Letters of Maria Celeste:
22 October 1633
Most Beloved Lord Father
Last Wednesday a brother of the Priory of San Firenze came to bring me a letter from you along with the little package of russet linen yarn, which, considering the rather thick quality of the thread, seems somewhat expensive; but indeed the color of the dye, being very beautiful, makes the price of six crazie per skein appear more tolerable.
Suor Luisa stays in bed with only the slightest improvement, and in addition to her, several of the others are also sick, so that if we now faced any suspicion of plague we would be lost. Among the sick is Suor Caterina Angela Anselmi who was formerly our Mother Abbess, a truly venerable and prudent nun, and, after Suor Luisa, the dearest and most intimate friend I have ever had: she is so gravely ill that yesterday morning she received the Extreme Unction, and it appears that she has only a few days to live; and the same must be said for Suor Maria Silvia Boscoli, a young woman of 22 years, and you may recall, Sire, how people once spoke of her as the most beautiful girl to grace the city of Florence for 300 years: this marks the sixth month she has been lying in bed with a continuous fever that the doctors now say has turned to consumption, and she is so wasted as to be unrecognizable; yet with all that she retains a vivacity and energy especially in her speech that astounds us, while from hour to hour we doubt whether that faint spirit (which seems entirely confined to her tongue) will fade away and abandon the already exhausted body: then, too, she is so listless that we can find no nourishment to suit her taste, or to say it better, that her stomach can accept, except a little soup made from broth in which we have boiled some dried wild asparagus, and these are extremely difficult to find at this time of year, wherefore I was thinking that perhaps she could take some soup made from gray partridge, which has no gamy taste. And since these birds abound where you are, Sire, as you say in your letters, you might be able to send me one of them for her and for Suor Luisa, and I doubt you would encounter any difficulty having them reach me in good condition, since our Suor Maria Maddalena Squadrini recently received several fresh, good thrushes that were sent by a brother of hers who is Prior at the Monastery of the Angels, in part of the diocese very close to Siena. If, without too much trouble, Sire, you could help me make such a gift, now that the idea has whetted my appetite, I would be ever so grateful.
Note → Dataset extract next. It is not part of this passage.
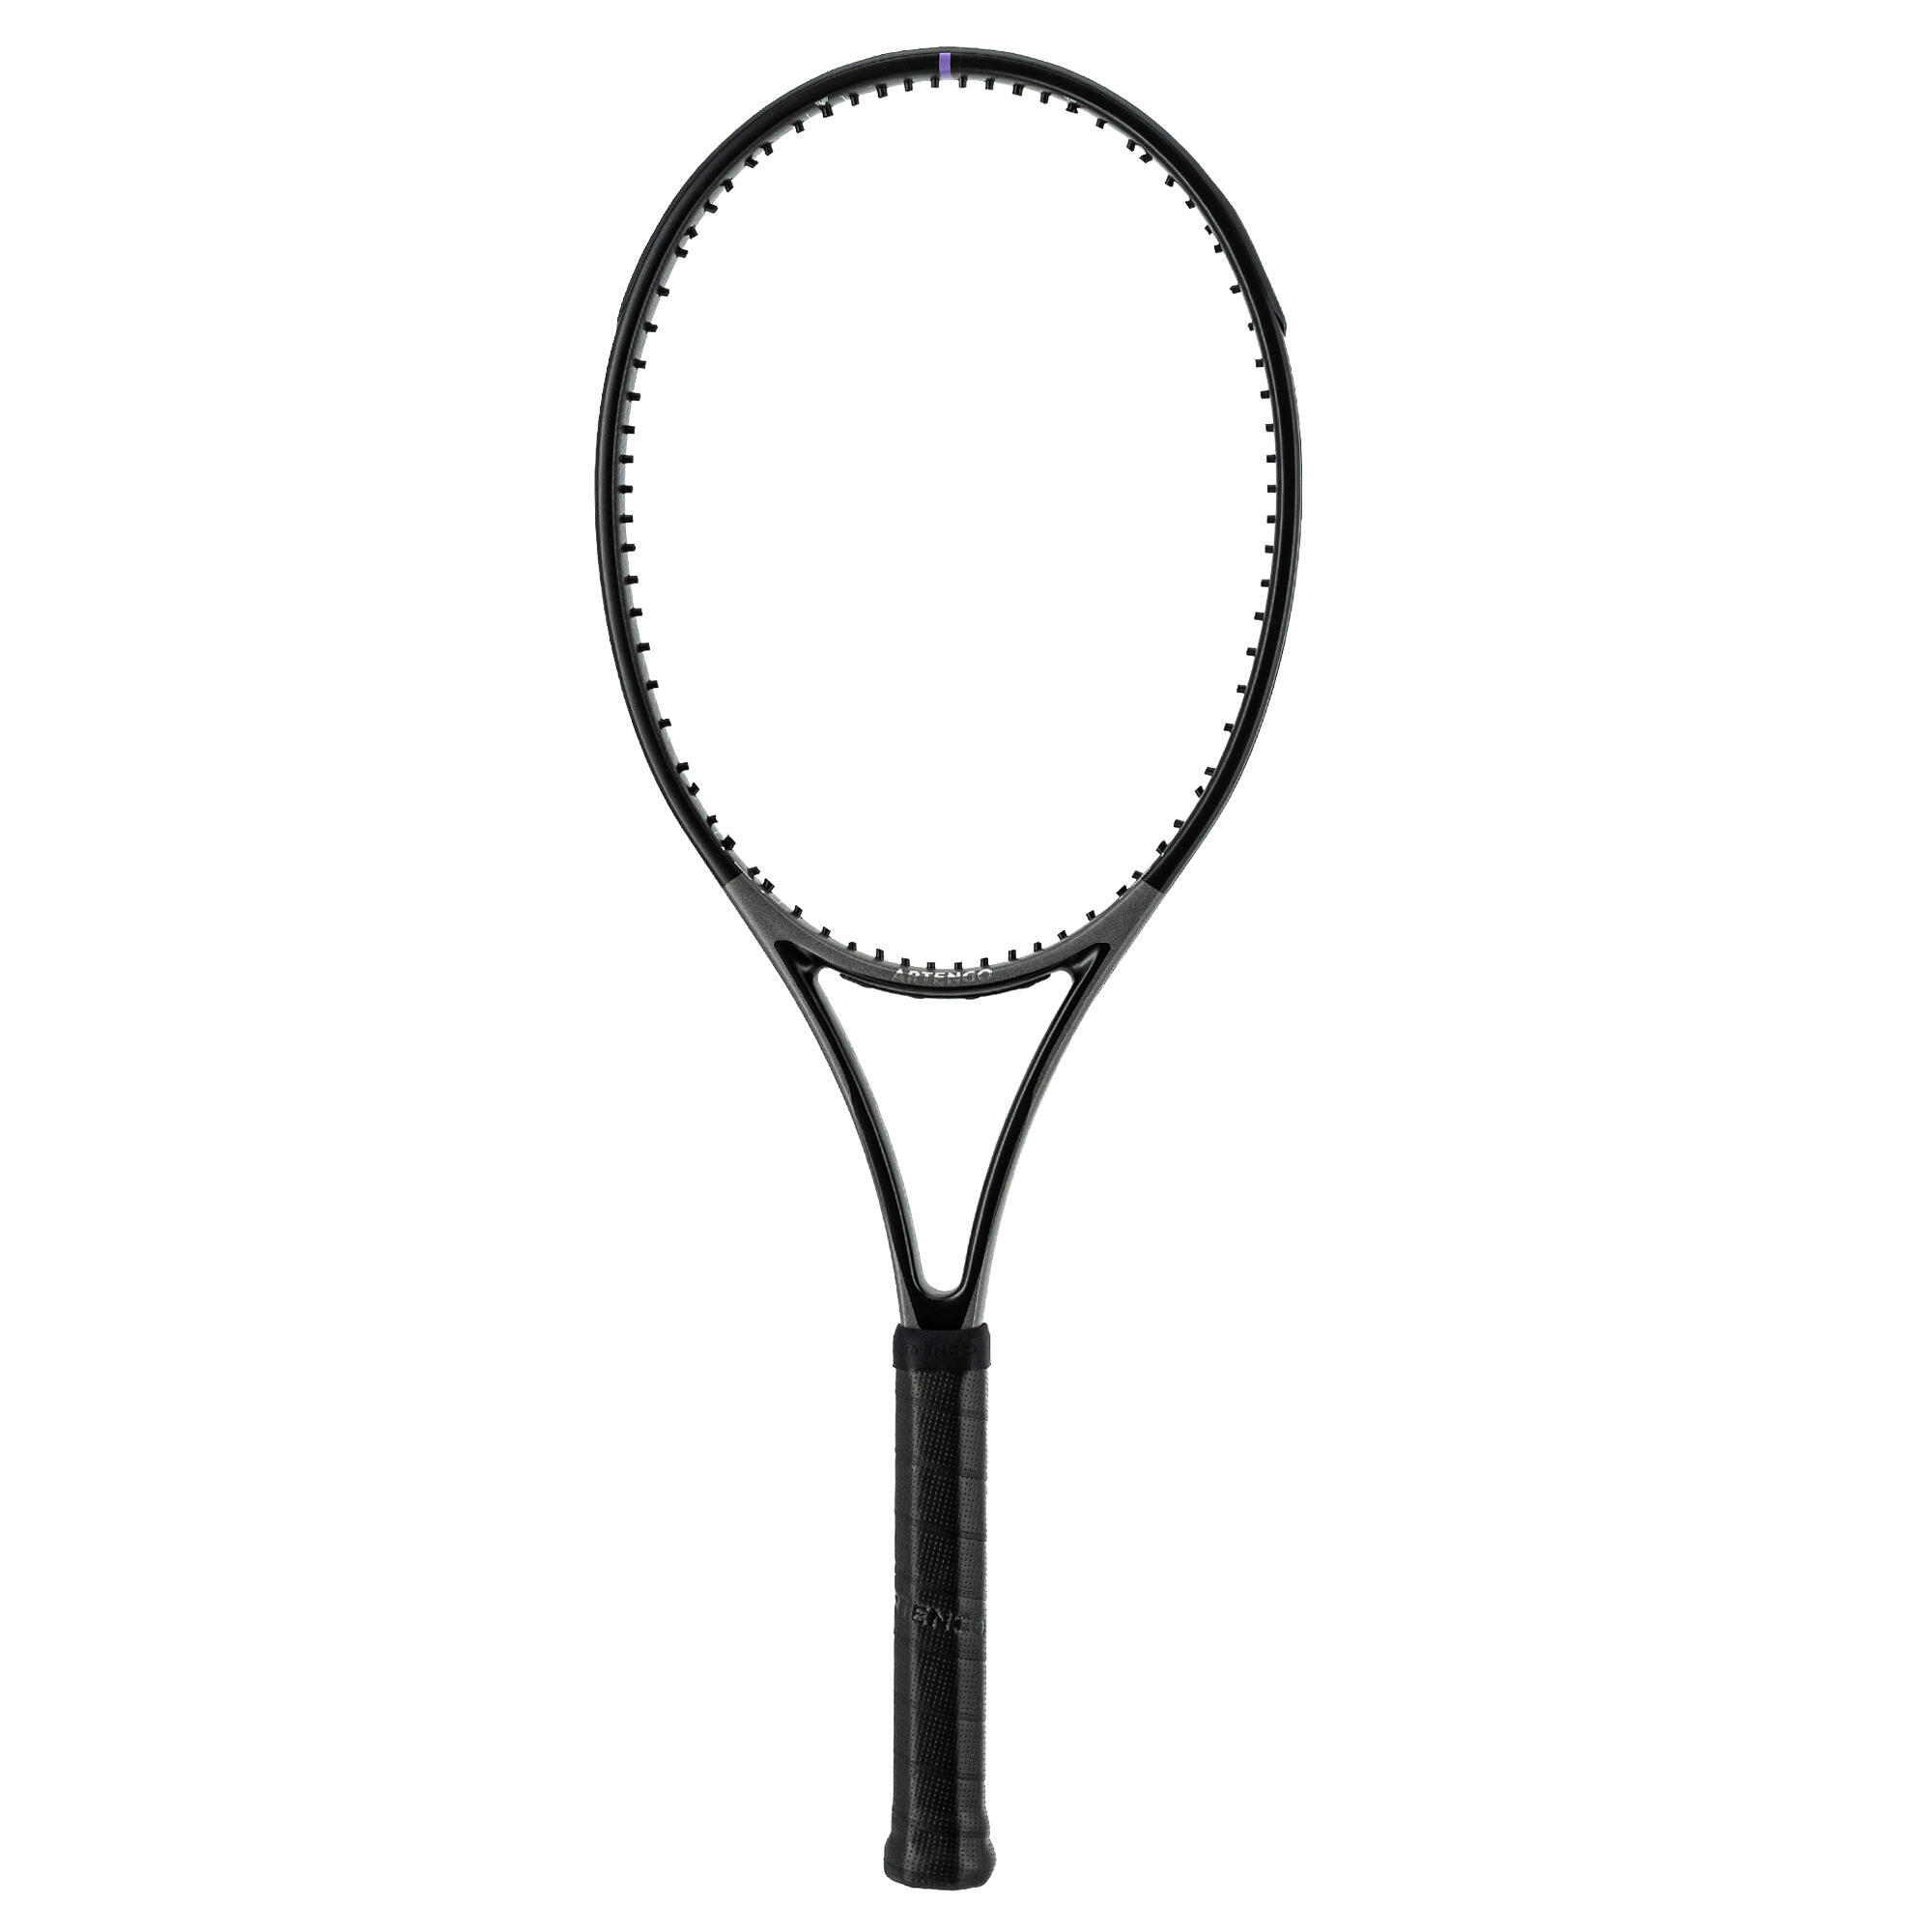 Adult Tennis Racket Control Tour TR960 18x20 Unstrung - Grey - GAËL MONFILS 11/17
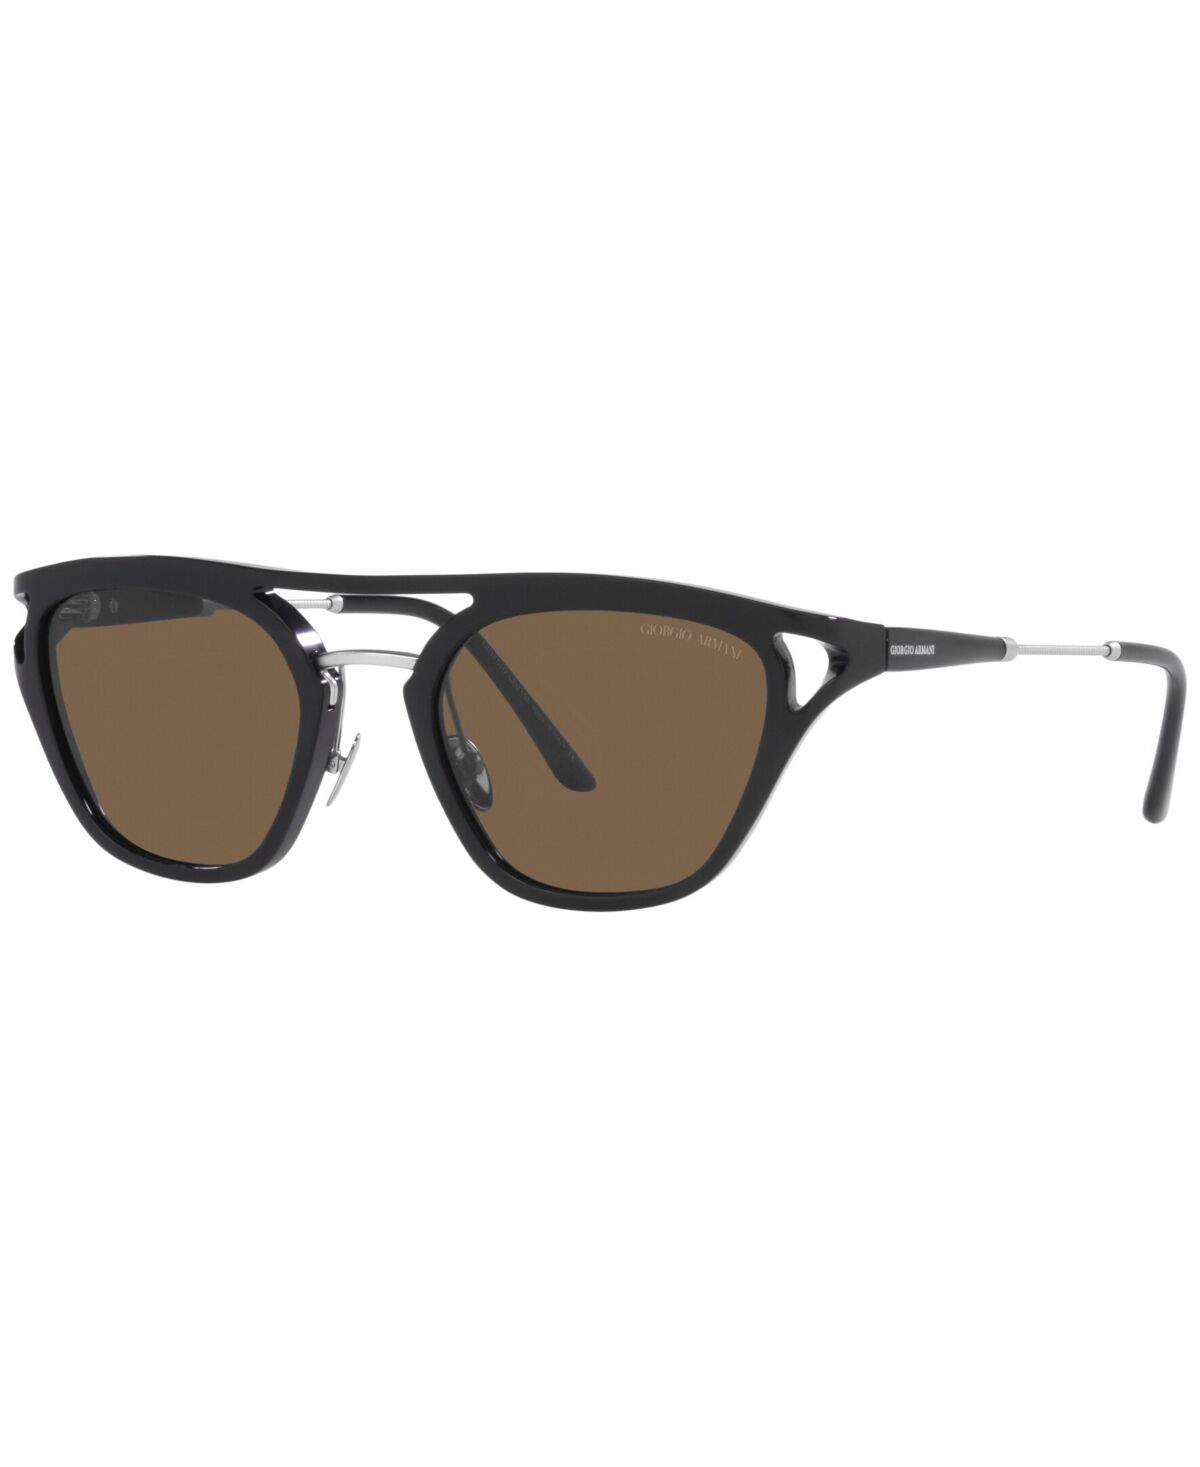 Giorgio Armani s Sunglasses, AR8158 51 - Black

This time it devolves upon me to play the raven who bears bad tidings, as I must tell you that on the feast day of San Francesco [October 4], Goro, who worked for the Sertini's, died, and left a family in great distress, according to his wife who was here yesterday morning to beseech me that I must convey this news to you, Sire, and furthermore remind you of the promise you made to Goro himself and to Antonia his daughter, to give her a black housedress when she got married: now they are in dire straits, and Sunday, which will be tomorrow, she will say her vows in Church; and because Goro's wife has spent what little money she had, first on medicaments and then for his funeral, she is hard pressed, and wants to know if you can do her this kindness: I promised that I would tell her your answer as soon as I heard from you, Sire.
I would not know how to make you realize the happiness I derive from learning that you continue conserving your health in spite of everything, except to say that I enjoy your good fortune more than my own, not only because I love you more than myself, but also because I can imagine that if I were oppressed by infirmity, or otherwise removed from the world it would matter little or nothing to anyone, since I am good for little or nothing, whereas in your case, Sire, the opposite holds true for a host of reasons, but especially (beyond the fact that you do so much good and are able to help so many others) because the great intellect and knowledge that the Lord God has given you enables you to serve Him and honor Him far more than I ever could, so that with this consideration I come round to cheer myself and take greater pleasure from your well-being than from mine.
Signor Rondinelli has allowed himself to be seen again now that his kegs have quieted down; he sends his greetings to you, Sire, and so does Doctor Ronconi.
I assure you that I am never vexed by boredom, Sire, but sooner by the hunger caused, I believe, if not by all the exercise I perform, then by the coldness of my stomach, which does not get the full complement of sleep it requires, since I have no time. I rely on the oximele and the papal pills to make up this deficit. I only tell you this to excuse myself for the haphazard appearance of my letter, as I was compelled to put down and then take up my pen again more than once before I could complete it, and on that note I commend you to God.
From San Matteo in Arcetri, the 22nd day of October 1633.
Your most affectionate daughter,
The enclosed conforms to the wish you expressed in your previous letter, Sire, that after having written to you I should write also to her ladyship the Ambassadress. I suspect that my numerous activities have sapped my energy leaving me little to give her; you will be able to look it over and make corrections, and do let me know if you send her the ivory crucifix. I still cling to the hope that this week you will have some resolution regarding your release, and I am burning with desire to share in that news.